Crawling through the cramped, dusty duct was better than climbing up those endless metal rungs, but the rectangular galvanized steel vent seemed to go on forever. At least he was still alive, unlike Victoria and the rest of the team. He was good at finding silver linings.

He kept his head down, rehearsing what he would do once he found an exit, what he would say when he reached the operations center. Right now his entire universe consisted of a three-foot-wide and two-foot-high metal box that was infinitely long. He kept slithering ahead.

Every twenty feet he passed a grid on the side of the duct that vented air into the tunnel, but he could see only concrete floor and granite walls covered with steel mesh. At last, he came to a larger vent grid, and when he peered through the slats, he found himself above one of the dry-storage side tunnels. Squinting, he could see a huge vault door, just like the one that had trapped them inside the Mountain when the shit first hit the fan. Through the vent he saw individual chambers — was Mrs. Garcia still trapped in one of them?

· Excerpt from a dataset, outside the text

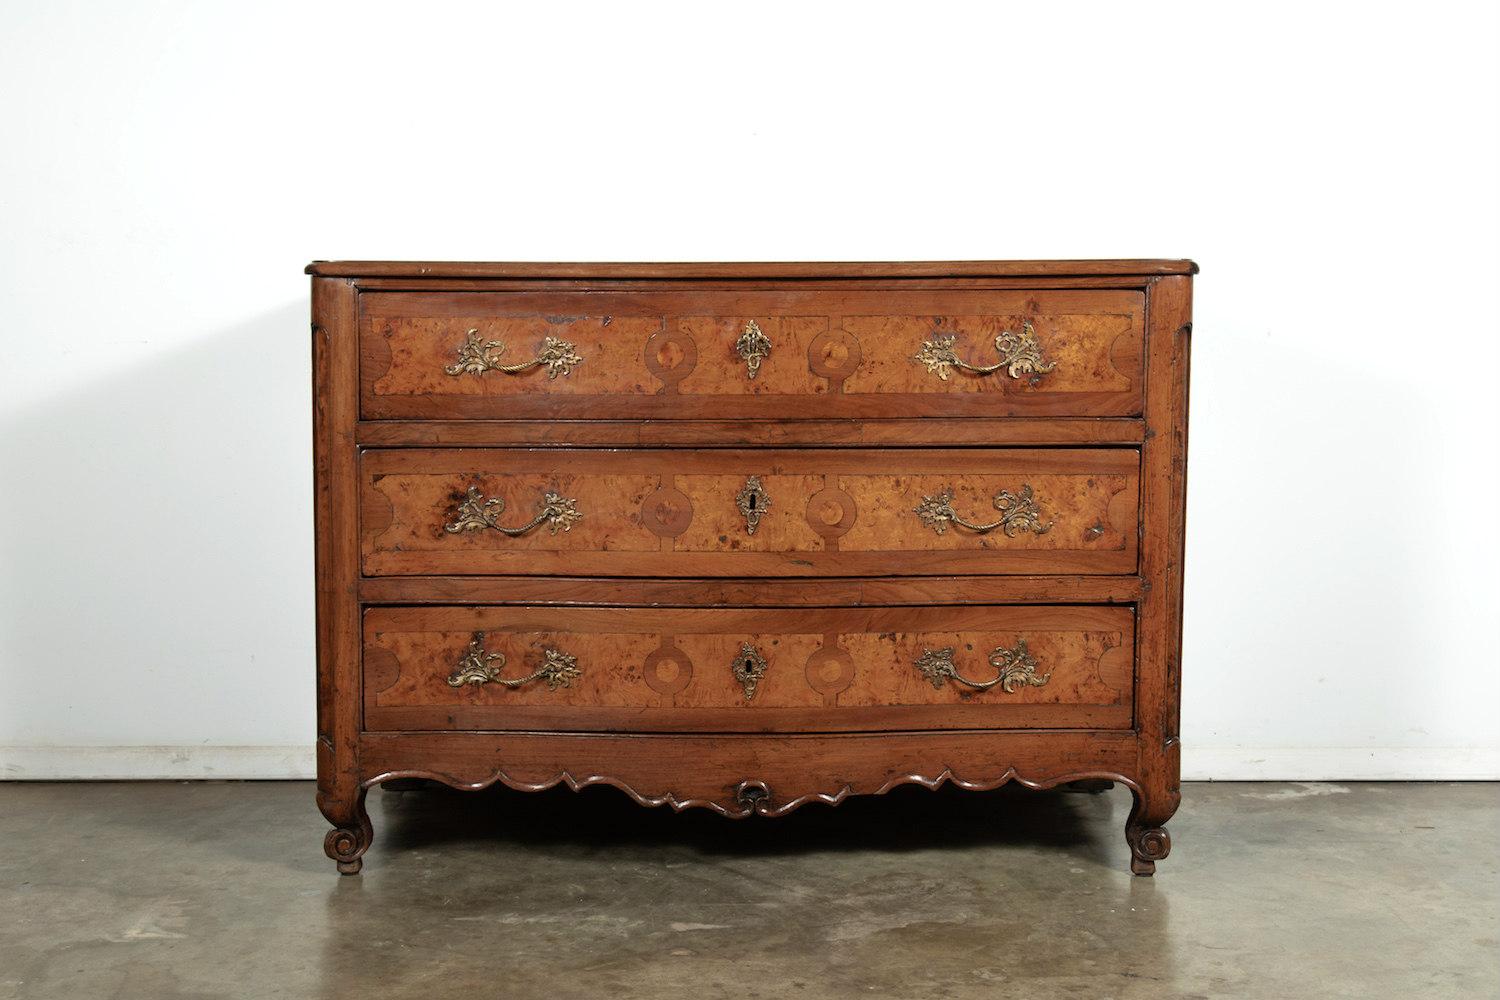 Exceptional mid-18th century French Louis XV period commode de galbée handcrafted of chestnut with burled chestnut and fruitwood parquetry by master artisans near Marseilles. Curved front having three drawers with gilt bronze lockwork, escutcheons
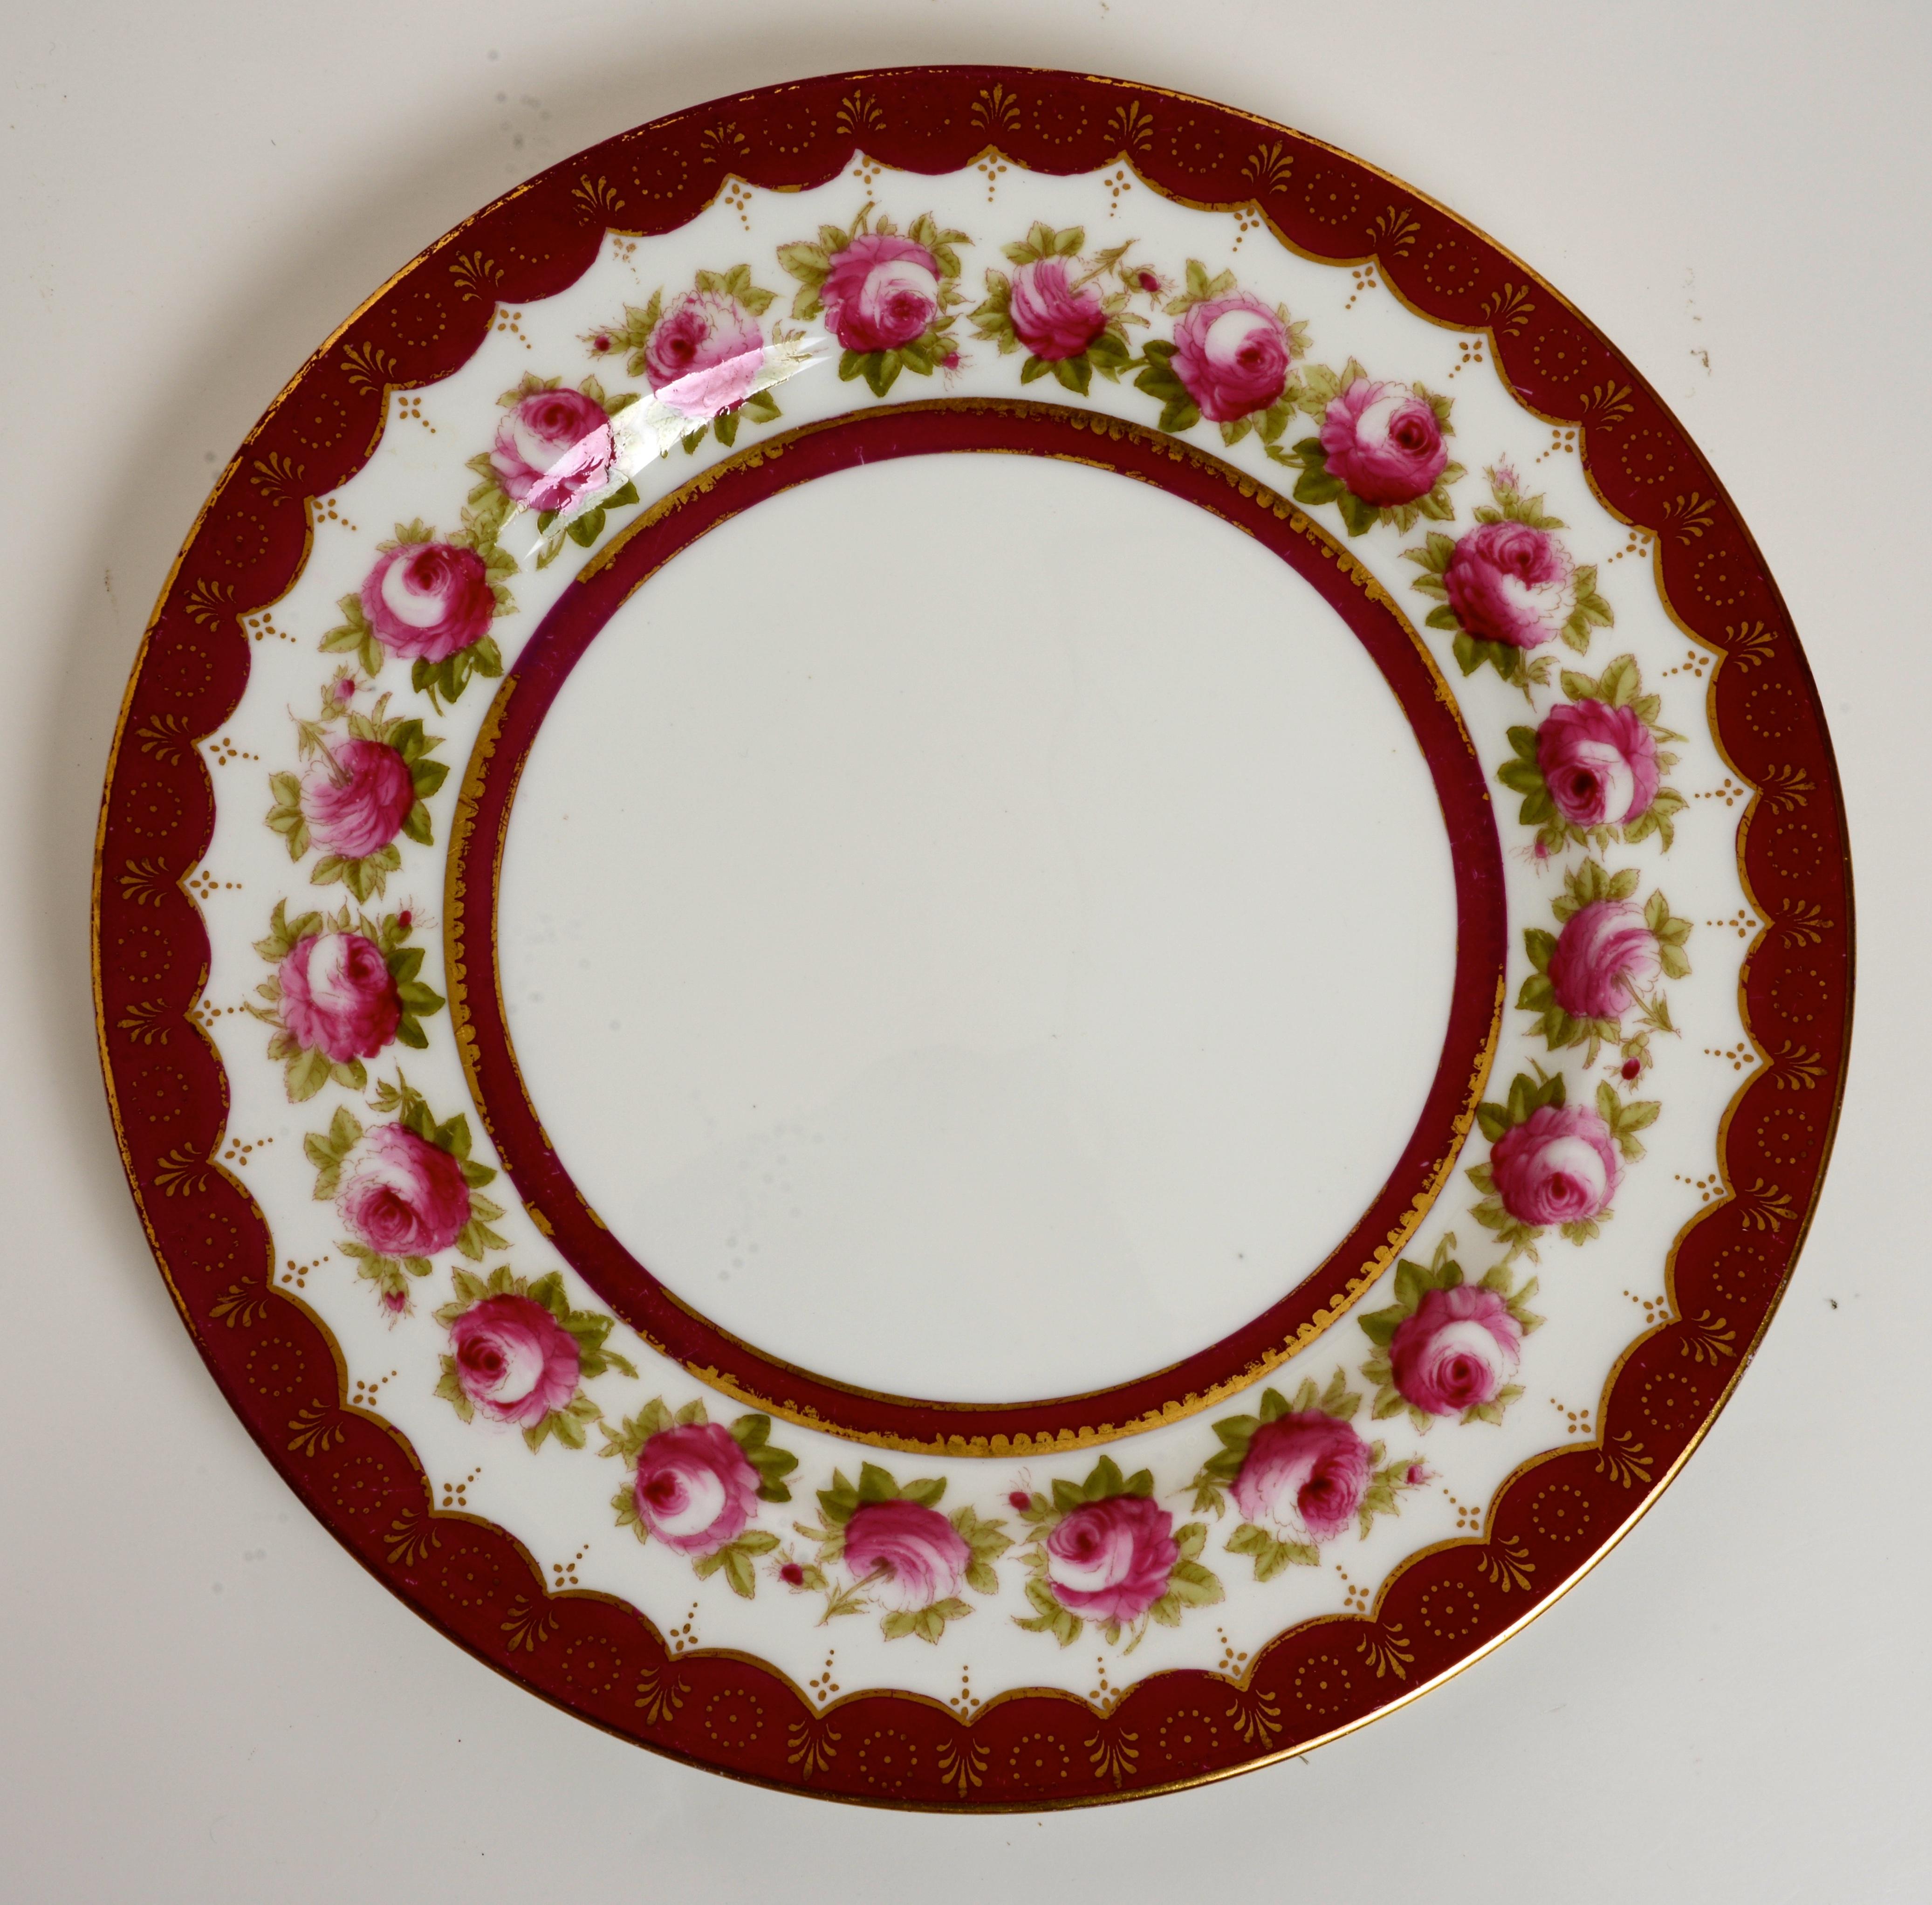 Set of 14 Dinner Plates by Royal Cauldon England in a Rose Pattern. Pattern: Z1302. This is a discontinued pattern. These porcelain plates are a suitable size for the main course of pasta, salad, appetizer, sandwiches and steak.

He tried to orient himself. With all the administrative paperwork he had completed for Valiant Locksmith, he had seen maps of Hydra Mountain, the tunnels and lockdown vault doors, but he had never paid close attention to the details. During the first part of the inspection tour, he recalled seeing the metal air ducts along the tunnel ceiling. That must be where he was now, which meant he was crawling toward the interior corridor — not far from the operations center.

No one could have predicted that a civilian plane would make an emergency landing inside the fence and trigger a cascade of chaos. Van Dyckman couldn’t be blamed for that, but the fool Pulaski had made the situation a thousand times worse by using his damned cell phone. The Senator had been Valiant Locksmith’s staunchest ally, but he was also an idiot.